Ethical Materialities in Art and Moving Images
Bloomsbury Visual Arts, London, New York, 2025
304 pp., ill, b/w. Trade, $103
ISBN 978-1-3504-2714-3.
"Humans don't change at all. The best they can do is live according to their code." So says Dolores the android to her 'mindmate'. She continues, humans cannot make autonomous choices because they are predetermined in their ethics by their materialities. they are not mind independent".
Emerging from the HBO series Westworld, Dolores became a figurehead for Silke Panse, the editor of this stimulating volume, that follows a transdisciplinary symposium in 2016 covering art, the moving image and ethics; the ten contributors are all experts, converging on Dolores' Cartesian assertions; the editor brings the reader up to speed with a survey of the precursors to ethical philosophy; Spinoza, Kant et al. And others, more recently, Bergson and Deleuze, and quoting a James Joyce-like aphorism from Karen Barad, a materialist human physicist, who suggests: "the ethical is embodied in the very worlding of the world".
The infrastructure of the knowledge industries, from Media to universities is grounding for the relevant power relations as applied in our era of the Anthropocene; discussing Spinoza's affective ethics, 'the more we understand things, the more power we have to affect them.' The consequences of which are explored in the subsequent chapters, from the ecological to the human and the 'more-than-human entities.' Deleuze and Guattari's 'passive synthesis' creating an awareness about the outside of the self, is extemporised in poetic terms, involving the image of a buried camera, by Lyvov. The constraint of thought to polarities, is evoked in Tarkovsky's 'thinking seas' in the film Solaris. Breaking free is exemplified by the artist Gonzalez-Torres' politics of labor and care performance installations, described by the curator, Nicholas Bourriaud as a system of intensive encounters (later the basis of his defining Relational Aesthetics publications. Torres was going public in the US, during the AIDS epidemic of the 1990s. His practice, like a virus, permeating every part of the institutional entity and its systems, documentation of every stage being part of the whole work.
An artwork made as a collaboration between human and other-than-human is exemplified by Macdonald in her 'feral practice,' with ants as non-human participants. 'By extending art experiences to where ant-ic and human-ish meet, extended modes of human subjectivity and curious artistic forms are produced wrapped into and emergent with the ant-ic.' This ecosophy proposes that subjectivities are distinct and local, not coherent or homogenous and living in symbiosis with billions of nonhuman bodies….

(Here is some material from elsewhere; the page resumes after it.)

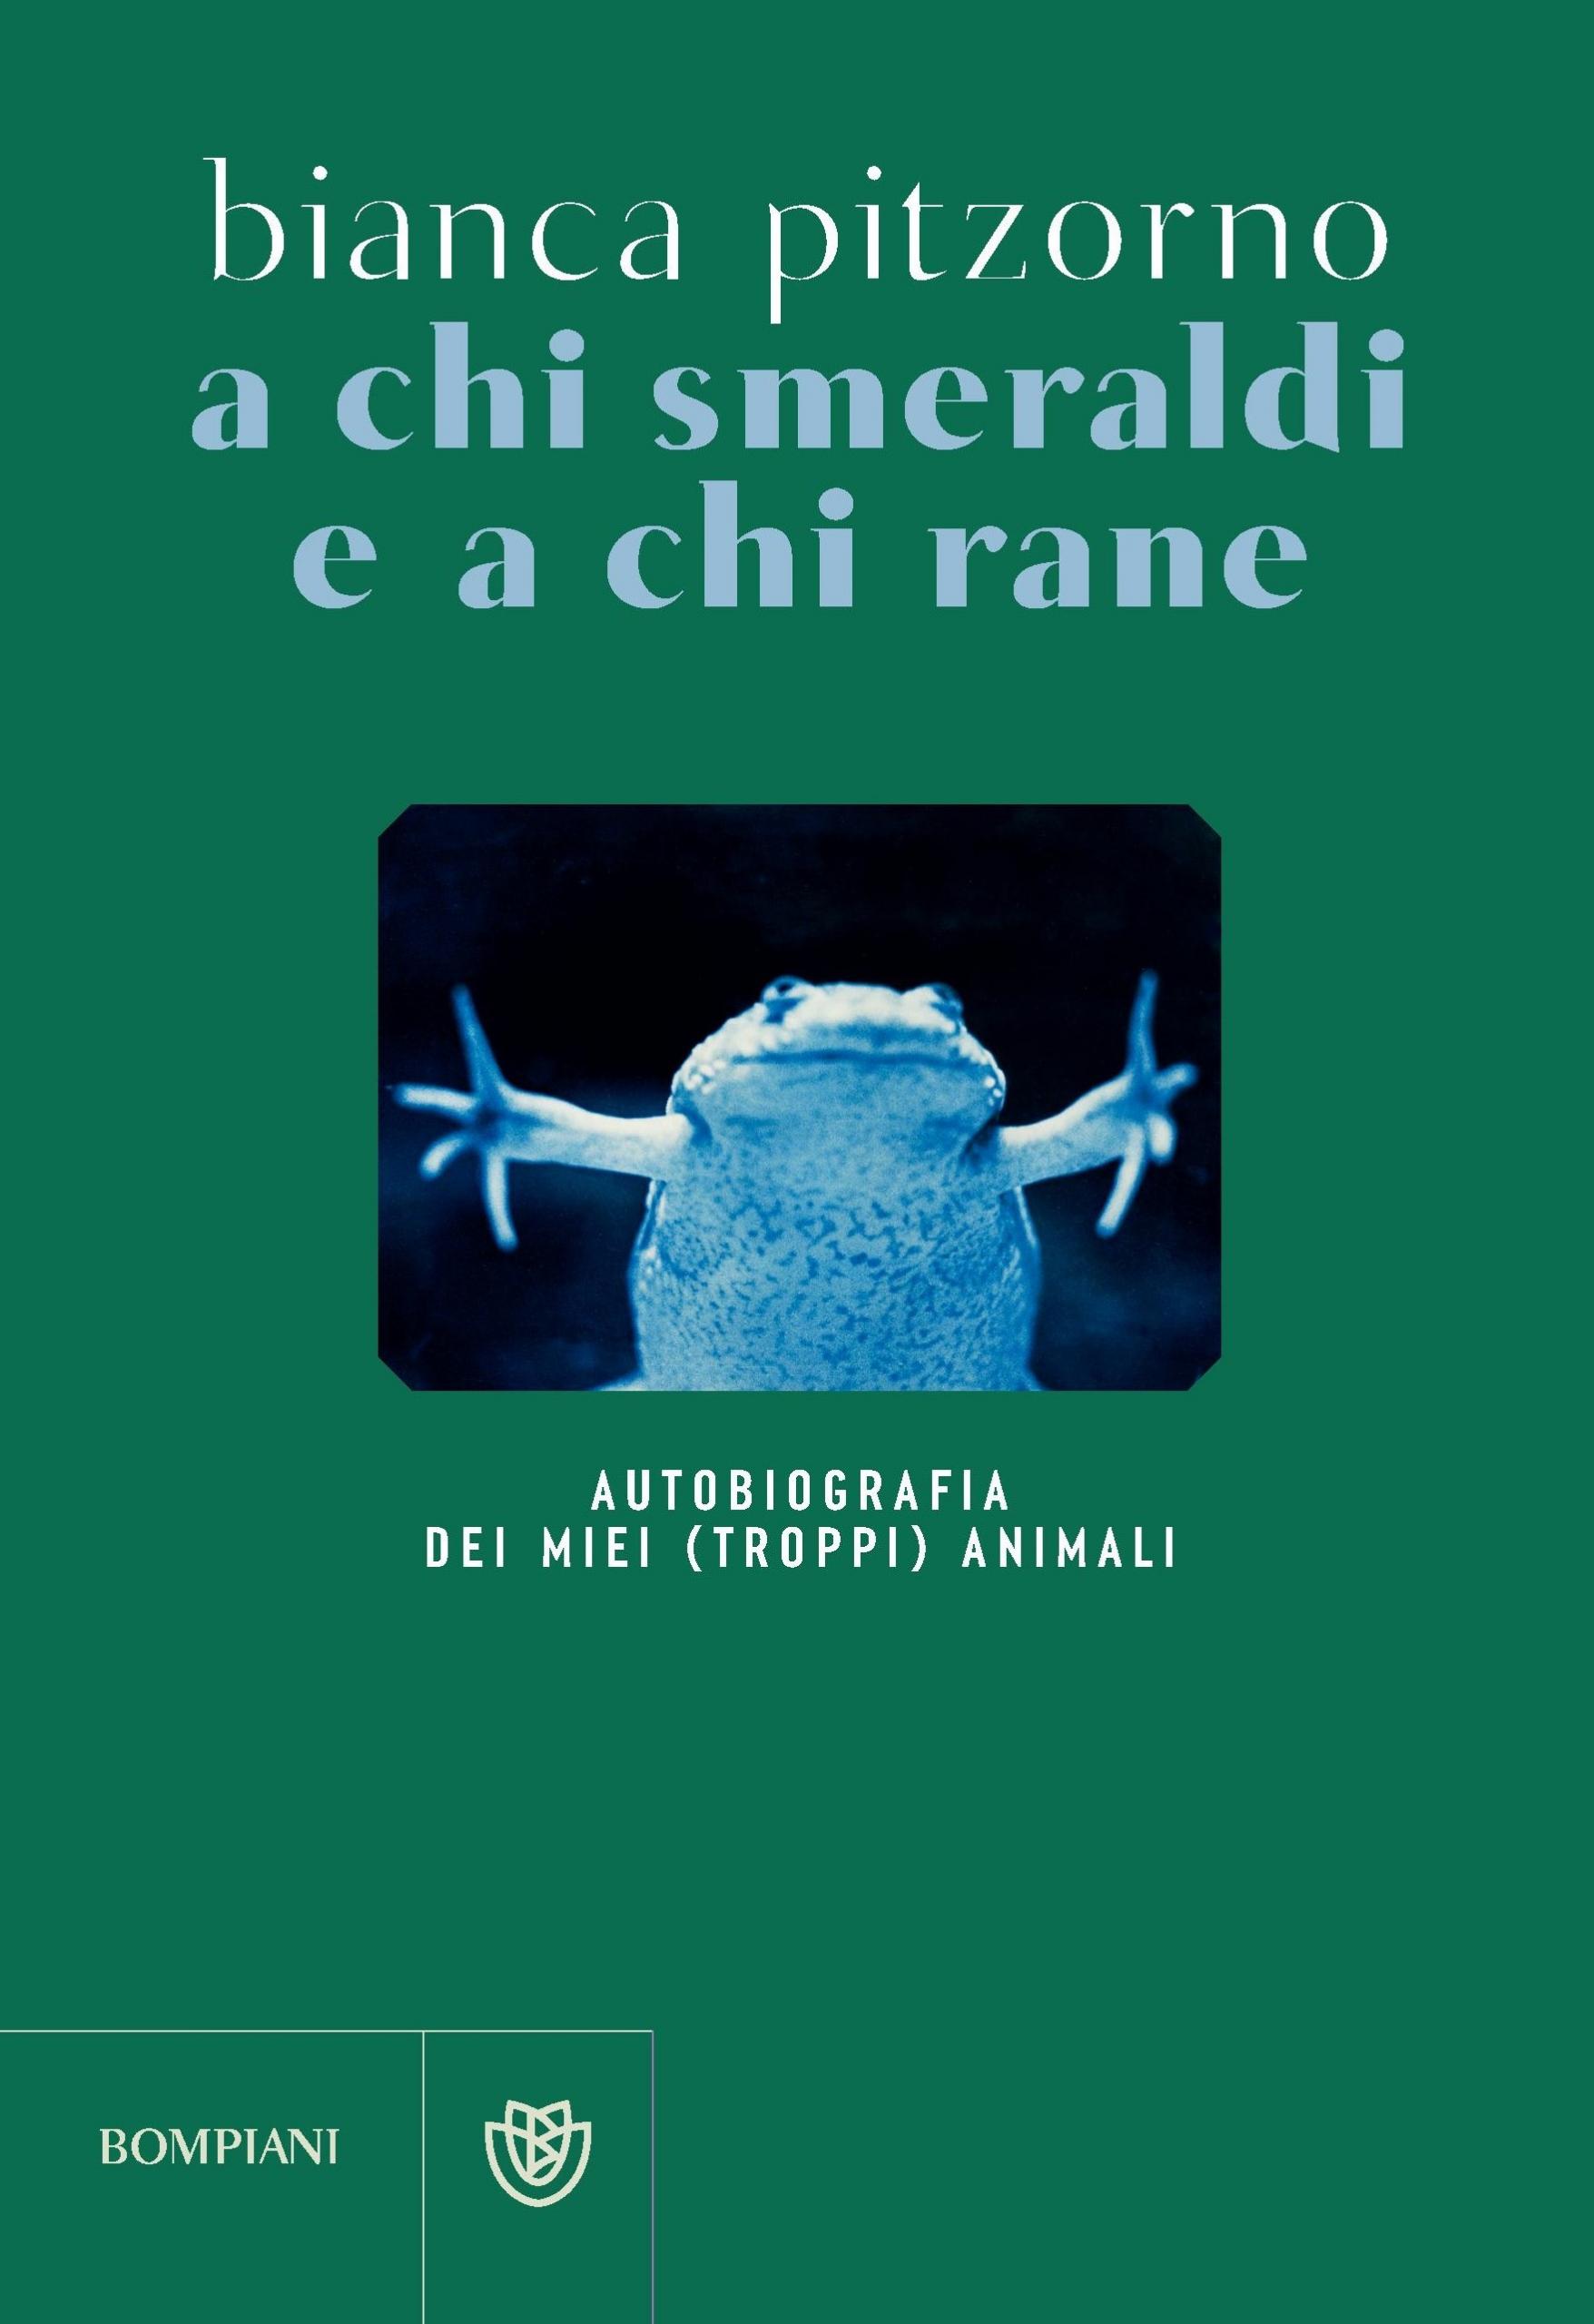 La copertina dell'autobiografia animale di Bianca Pitzorno a chi smeraldi e a chi rane

Readers are brought back to the ground by the Periodic Table, a map of the world's most basic building blocks, the elements. C.P. Snow said of the Table, "It's as though one were standing in a jungle and it suddenly transformed itself into a (rectangular) Dutch garden." The natural world of minerals having been sliced and diced, accelerated the rate at which humans continued their ascent/descent to the Anthropocene. this term emerged in the early 20th century; at about the same time critiques of forms of representation in creative mediums of every kind were being discussed. The materiality of abstractionism, then as now, intending to focus affect on the viewer, the phenomena of the encounter. Back in the mine, by isolating the Lanthanide Series, the fifteen rare earth elements, allowed entry into the "circles of hell", Described in Erin Espelie's film, in which the Series are placed as central to recording the present and replaying the past within the digital realm, even the lenses are built with lanthanum and polished with cerium, lanthanide is for the memory components. The demand for these elements we hear about each day, as international moguls jockey for the self-given right to plunder the ground on which human and other-than human have established their existence.
The latter chapters, including an 'antidote', summarise the artists working ethically with materials, with other humans and other than humans, most notably the hair-raising filmic reimagined, wild-minded, tale of Ming of Harlem, a fullgrown tiger, sharing a 5th floor New York apartment with Al, the alligator and human Antoine Yates, ventilating the issues of territoriality, corporality, conflict and ineffable communication with the term, symbiotic symmetry. As it turned out, the ethics of a New York judge, led to a prison sentence, not for the film but for the ethically careless introduction of other humans to the other-than-humans scenario.
The chapters generously cover established and developing theory and practice of the massive responsibilities creative practitioners have in making work in the context of our shared contemporary predicaments. Each chapter is supported by copious notes and an Index and a selected Bibliography enabling deeper research into this important area of consciousness studies in the visual arts, with the practical application of ethics to creativeness and the placing of artworks into the public domain.